Acte 3 : Haro sur le Code du travail, ce « petit livre rouge » !
Les 1er et 2 septembre derniers, c’est à dire une semaine avant la publication du rapport de la mission Combrexelle, la fondation Terra Nova, think tank proche du PS, et l’Institut Montaigne, situé plus à droite, publiaient leurs expertises, invitant à une transformation radicale du droit du travail. Dans une convergence du calendrier pour le moins surprenante, ces deux rapports suivaient de peu la sortie d’un ouvrage écrit par Robert Badinter et Antoine Lyon-Caen, intitulé Le travail et la loi. Les deux juristes y réclament une profonde simplification du Code, par ailleurs qualifié de « petit livre rouge » par certains médias [2]. L’offensive idéologique prépare le terrain pour la « réforme ambitieuse » appelée de ces vœux par le Premier ministre. (...)

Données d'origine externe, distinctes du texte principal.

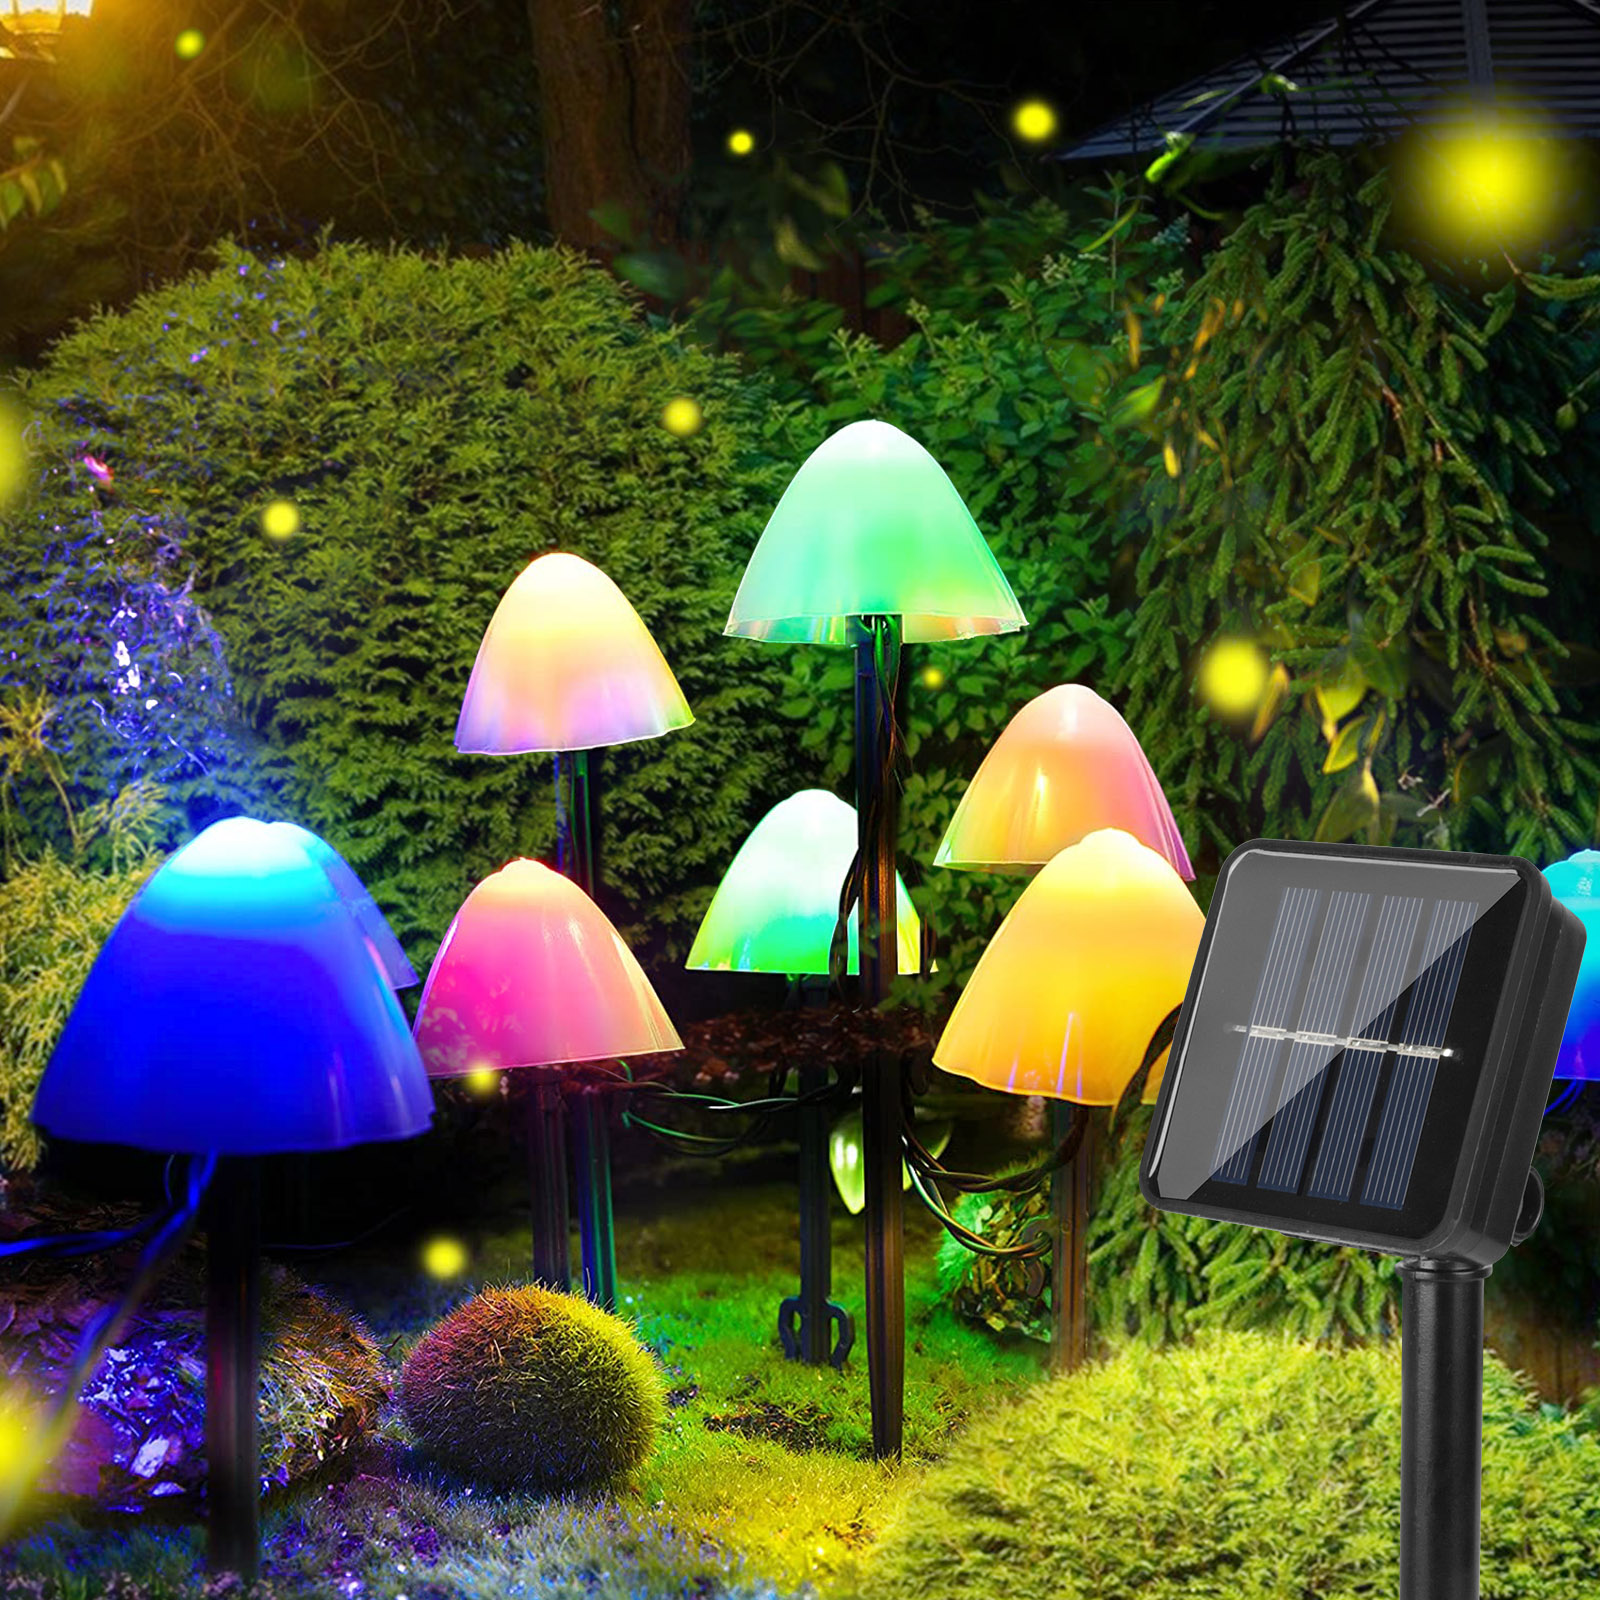 Christmas XMAS Solar LED Lawn Light Garden Landscape Lamp Outdoor Yard Decor 
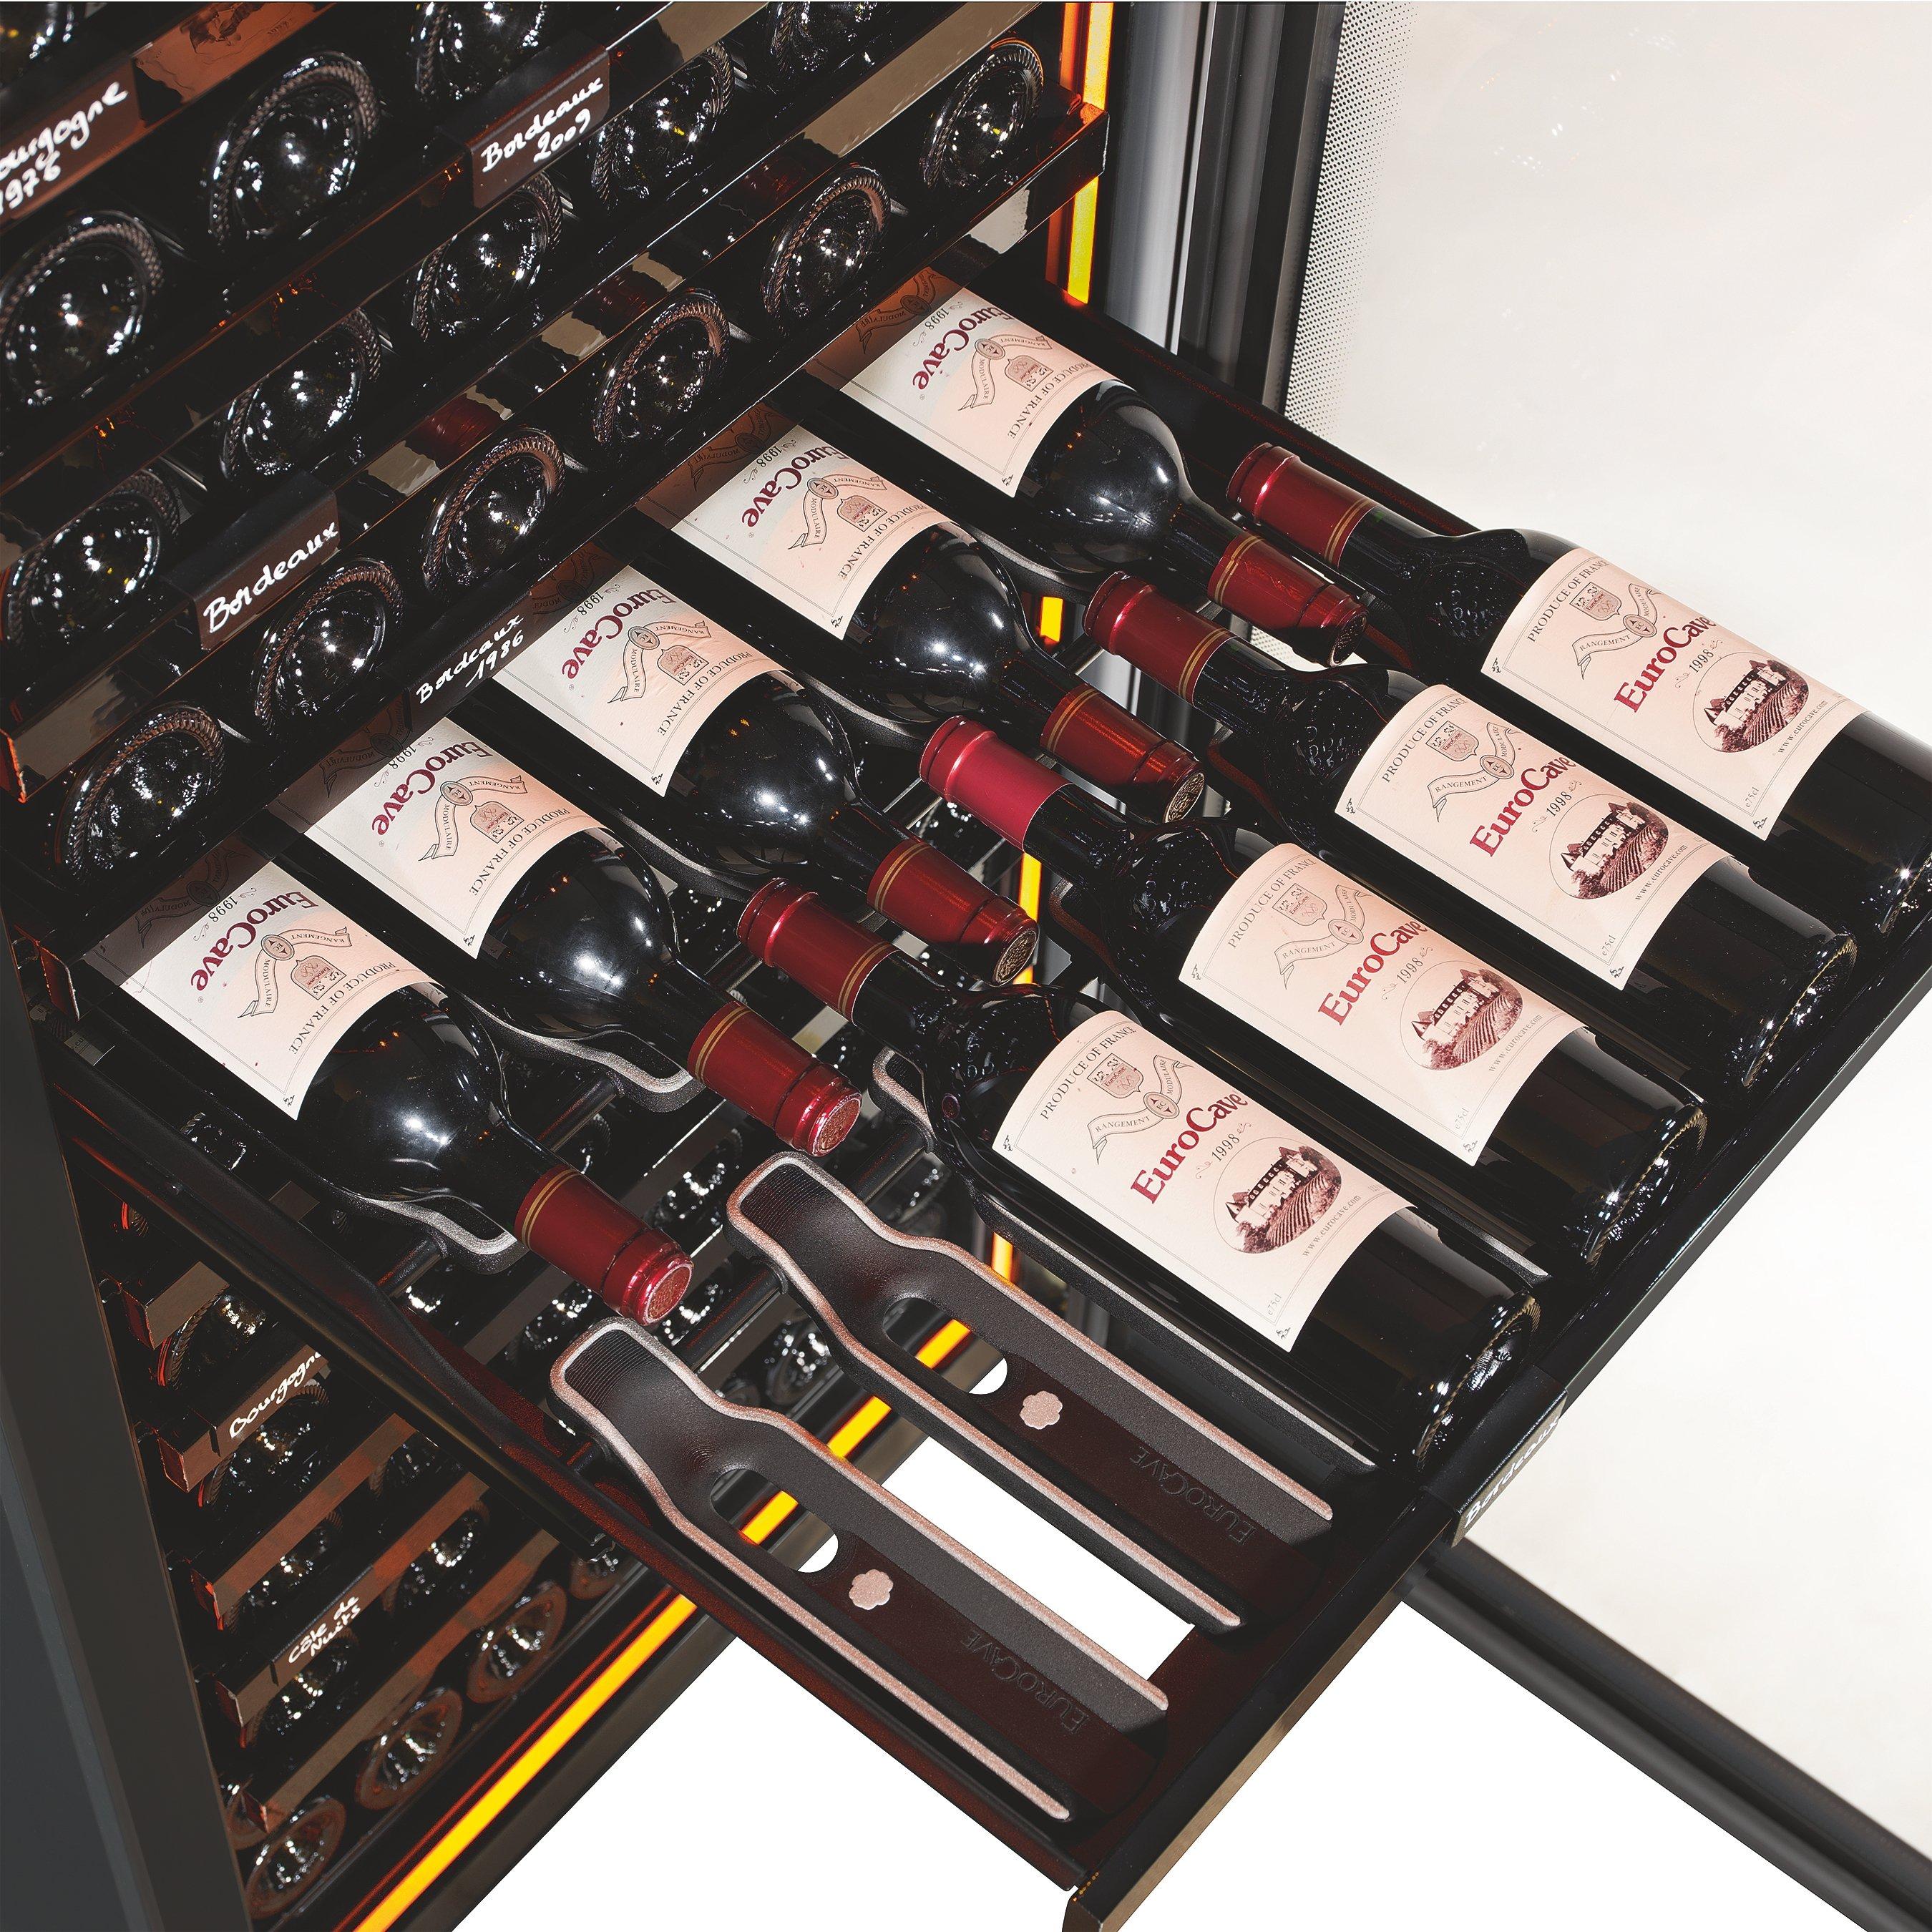 Wine Sampler Box — ICELLARS

Pourquoi tant de haine vis-à-vis des règles qui assurent un minimum de protection et d’équité aux salariés ? L’ouvrage d’Antoine Lyon-Caen et de Robert Badinter, de même que les rapports de Terra Nova et de l’Institut Montaigne, font du Code du travail, renvoyé à sa prétendue « complexité » et à des protections excessives, le premier responsable du chômage français. « Ce constat n’est étayé par aucune étude sérieuse, pas même au sein des institutions les plus libérales comme l’OCDE, rétorque Sabina Issehnane, Maître de conférence à l’université de Rennes 2 et membre des Économistes atterrés, qui contestent frontalement ces orientations. Il s’agit d’un discours purement idéologique. Le vrai problème se situe du côté des politiques d’austérité menées à l’échelle européenne, qui compriment la demande. En persistant sur cette voie, nous allons tout droit à la catastrophe. »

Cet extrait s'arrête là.